From: Lorenzo Stoakes <lorenzo.stoakes@oracle.com>
To: "David Hildenbrand (Red Hat)" <david@kernel.org>
Cc: linux-kernel@vger.kernel.org, linux-arch@vger.kernel.org,
	linux-mm@kvack.org, Will Deacon <will@kernel.org>,
	"Aneesh Kumar K.V" <aneesh.kumar@kernel.org>,
	Andrew Morton <akpm@linux-foundation.org>,
	Nick Piggin <npiggin@gmail.com>,
	Peter Zijlstra <peterz@infradead.org>,
	Arnd Bergmann <arnd@arndb.de>,
	Muchun Song <muchun.song@linux.dev>,
	Oscar Salvador <osalvador@suse.de>,
	"Liam R. Howlett" <Liam.Howlett@oracle.com>,
	Vlastimil Babka <vbabka@suse.cz>, Jann Horn <jannh@google.com>,
	Pedro Falcato <pfalcato@suse.de>, Rik van Riel <riel@surriel.com>,
	Harry Yoo <harry.yoo@oracle.com>,
	Laurence Oberman <loberman@redhat.com>,
	Prakash Sangappa <prakash.sangappa@oracle.com>,
	Nadav Amit <nadav.amit@gmail.com>,
	stable@vger.kernel.org
Subject: Re: [PATCH v1 4/4] mm/hugetlb: fix excessive IPI broadcasts when unsharing PMD tables using mmu_gather
Date: Tue, 16 Dec 2025 10:45:43 +0000	[thread overview]
Message-ID: <4037214b-d1c6-4e0b-ad9d-6722aea7aba9@lucifer.local> (raw)
In-Reply-To: <937a4525-910d-4596-a9c4-29e47ca53667@kernel.org>

On Mon, Dec 15, 2025 at 03:47:57PM +0100, David Hildenbrand (Red Hat) wrote:
>
> > > >
> > > > As Nadav points out, should also initialise fully_unshared_tables.
> > >
> > > Right, but on an earlier init path, not on the range reset path here.
> >
> > Shouldn't we reset it also?
> >
> > I mean __tlb_reset_range() is also called by __tlb_gather_mmu() (invoked by
> > tlb_gather_mmu[_fullmm]()).
> >
>
> __tlb_reset_range() is all about flushing the TLB.
>
> In v2 I have:

(Was waiting for reply here before looking there of course :)

>
> diff --git a/mm/mmu_gather.c b/mm/mmu_gather.c
> index 247e3f9db6c7a..030a162a263ba 100644
> --- a/mm/mmu_gather.c
> +++ b/mm/mmu_gather.c
> @@ -426,6 +426,7 @@ static void __tlb_gather_mmu(struct mmu_gather *tlb, struct mm_struct *mm,
>  #endif
>         tlb->vma_pfn = 0;
> +       tlb->fully_unshared_tables = 0;
>         __tlb_reset_range(tlb);
>         inc_tlb_flush_pending(tlb->mm);
>  }
>

OK so I guess since this isn't tied to flushing the TLB, but rather only to the
IPI we're good.

>
> > >
> > > >
> > > > >    	/*
> > > > >    	 * Do not reset mmu_gather::vma_* fields here, we do not
> > > > >    	 * call into tlb_start_vma() again to set them if there is an
> > > > > @@ -484,7 +496,7 @@ static inline void tlb_flush_mmu_tlbonly(struct mmu_gather *tlb)
> > > > >    	 * these bits.
> > > > >    	 */
> > > > >    	if (!(tlb->freed_tables || tlb->cleared_ptes || tlb->cleared_pmds ||
> > > > > -	      tlb->cleared_puds || tlb->cleared_p4ds))
> > > > > +	      tlb->cleared_puds || tlb->cleared_p4ds || tlb->unshared_tables))
> > > >
> > > > What about fully_unshared_tables?

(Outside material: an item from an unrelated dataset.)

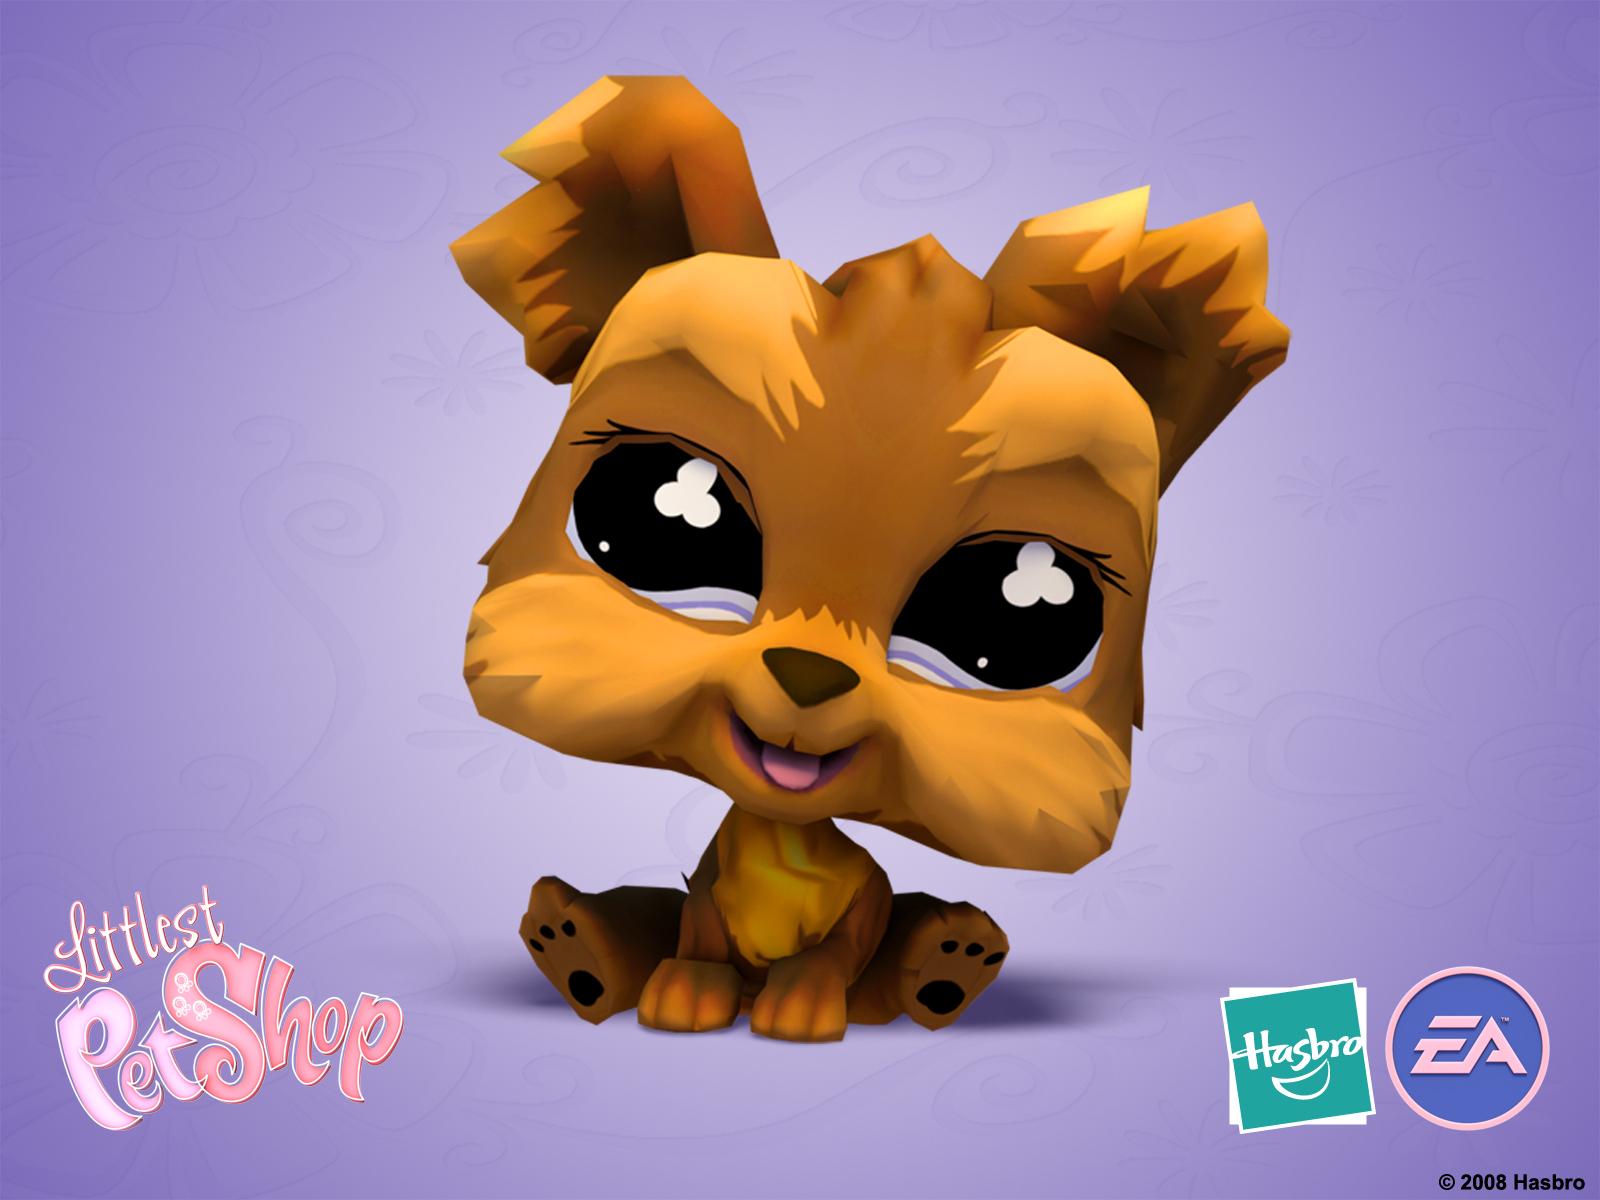 LPS EA Wallpaper littlest pet shop 4128853 1600 1200jpg 1600x1200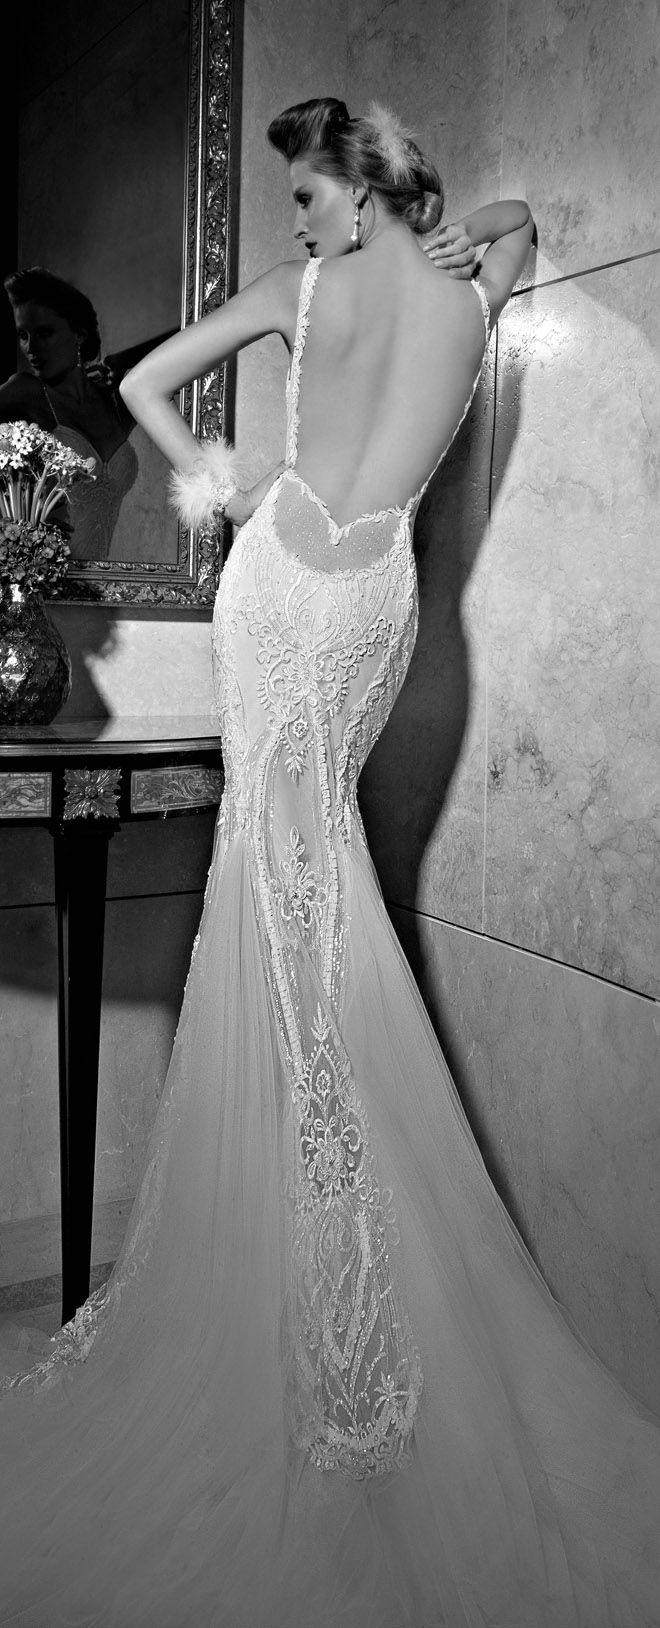 best wedding dreams images on pinterest wedding wedding

I guess though unshared_tables implies
> > > > fully_unshared_tables.
> > >
> > > fully_unshared_tables is only for triggering IPIs and consequently not about
> > > flushing TLBs.
> > >
> > > The TLB part is taken care of by unshared_tables, and we will always set
> > > unshared_tables when unsharing any page tables (incl. fully unshared ones).
> >
> > OK, so is there ever a situation where fully_unshared_tables would be set
> > without unshared_tables? Presumably not.
>
> tlb_unshare_pmd_ptdesc() will always set "unshared_tables" but only conditionally
> sets "fully_unshared_tables".

Of course.

>
> "unshared_tables" might get handled by a prior TLB flush,
> leaving only fully_unshared_tables set to perform the IPI in tlb_flush_unshared_tables().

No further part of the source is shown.